The decision task will:
Recursively collect the paths of all files within the context directory
Sort the filenames alphabetically to ensure the hash is consistently calculated
Generate a sha256 hash of the contents of each file
All file hashes will then be combined with their path and used to update the hash of the context directory
This ensures that the hash is consistently calculated and path changes will result in different hashes being generated.
Task Image Index Namespace#
Images that are built on push and uploaded as an artifact of a task will be indexed under the following namespaces.

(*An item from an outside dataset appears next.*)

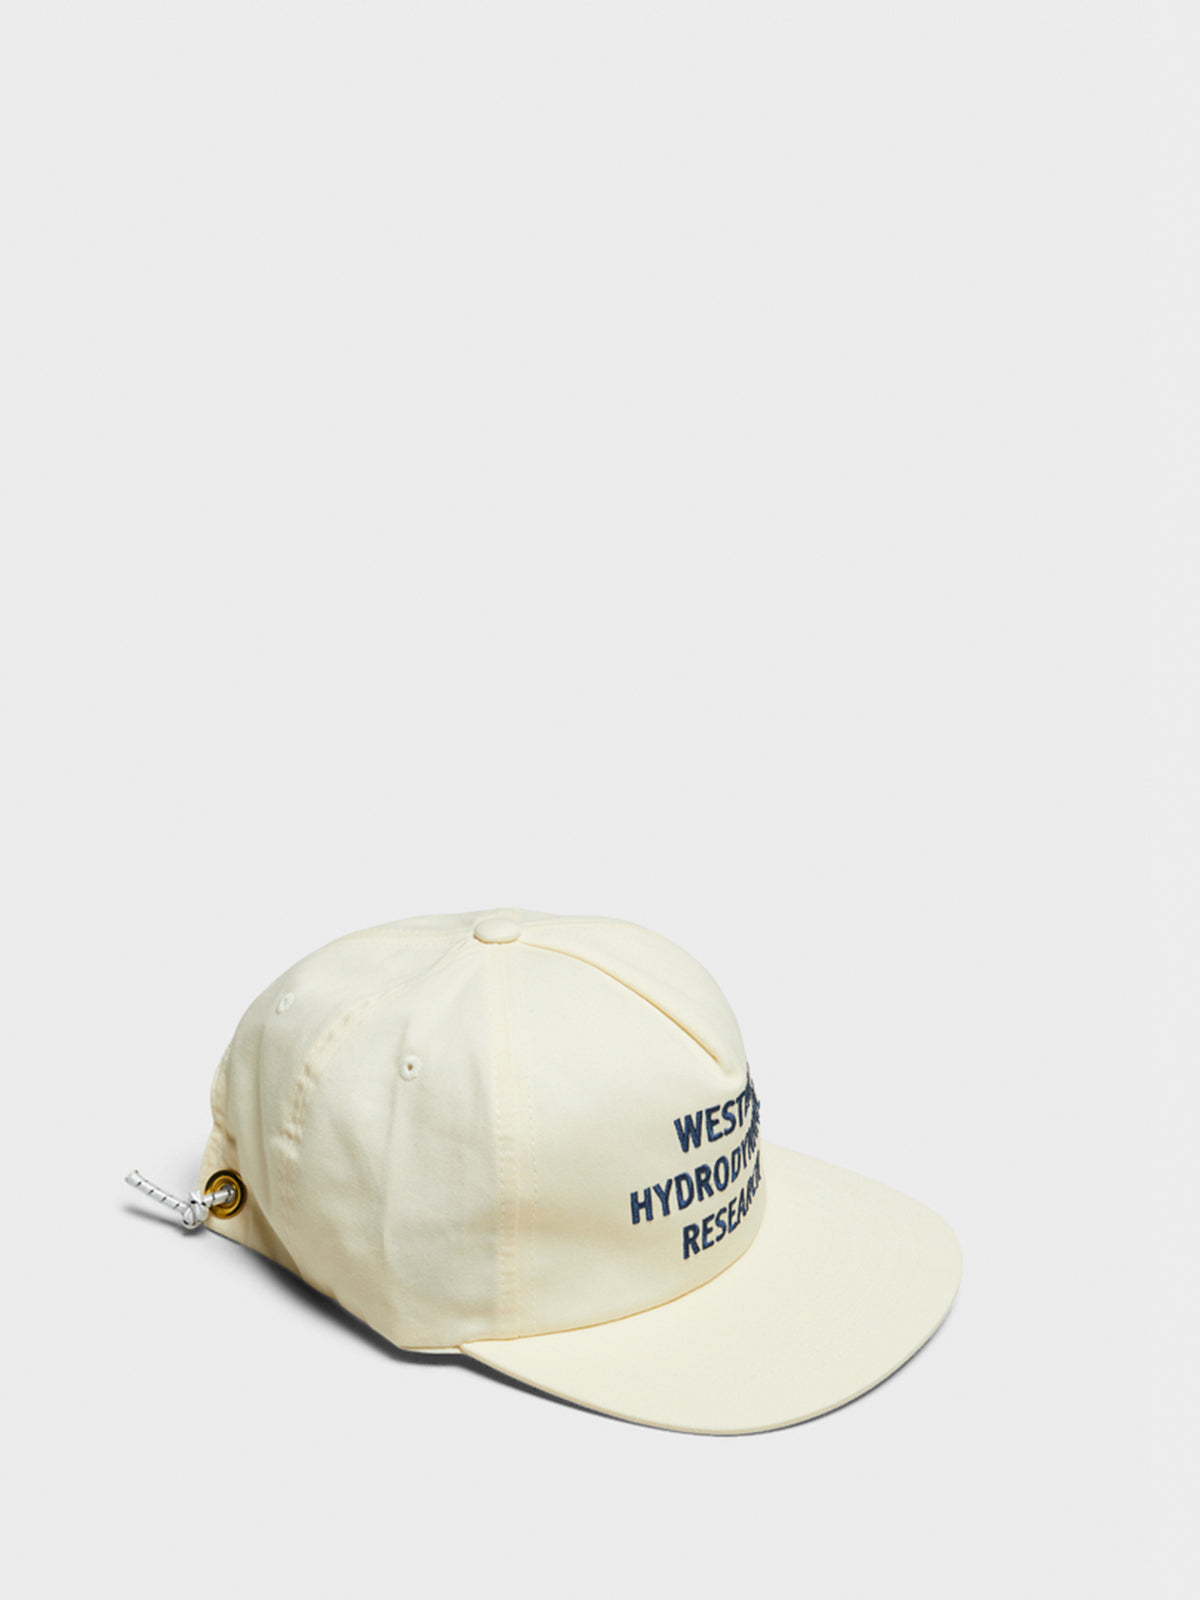 Promo Hat i Hvid og Navy

{project}.cache.level-{level}.docker.v2.{name}.hash.{digest}
{project}.cache.level-{level}.docker.v2.{name}.latest
{project}.cache.level-{level}.docker.v2.{name}.pushdate.{year}.{month}-{day}-{pushtime}
Not only can images be browsed by the pushdate and context hash, but the ‘latest’ namespace is meant to view the latest built image. This functions similarly to the ‘latest’ tag for docker images that are pushed to a registry. Tasks can use these images as specified in Using Images from an Index above.
Working with Images Locally#
Taskgraph provides some command line utilities to facilitate working with images locally. These are:
taskgraph build-image <name>
- Builds an in-project image locally.taskgraph load-image --task-id <task-id>
- Loads an image built by the specified task locally.taskgraph image-digest <name>
- Prints the digest of the specified image.
See the Command Line reference for more details.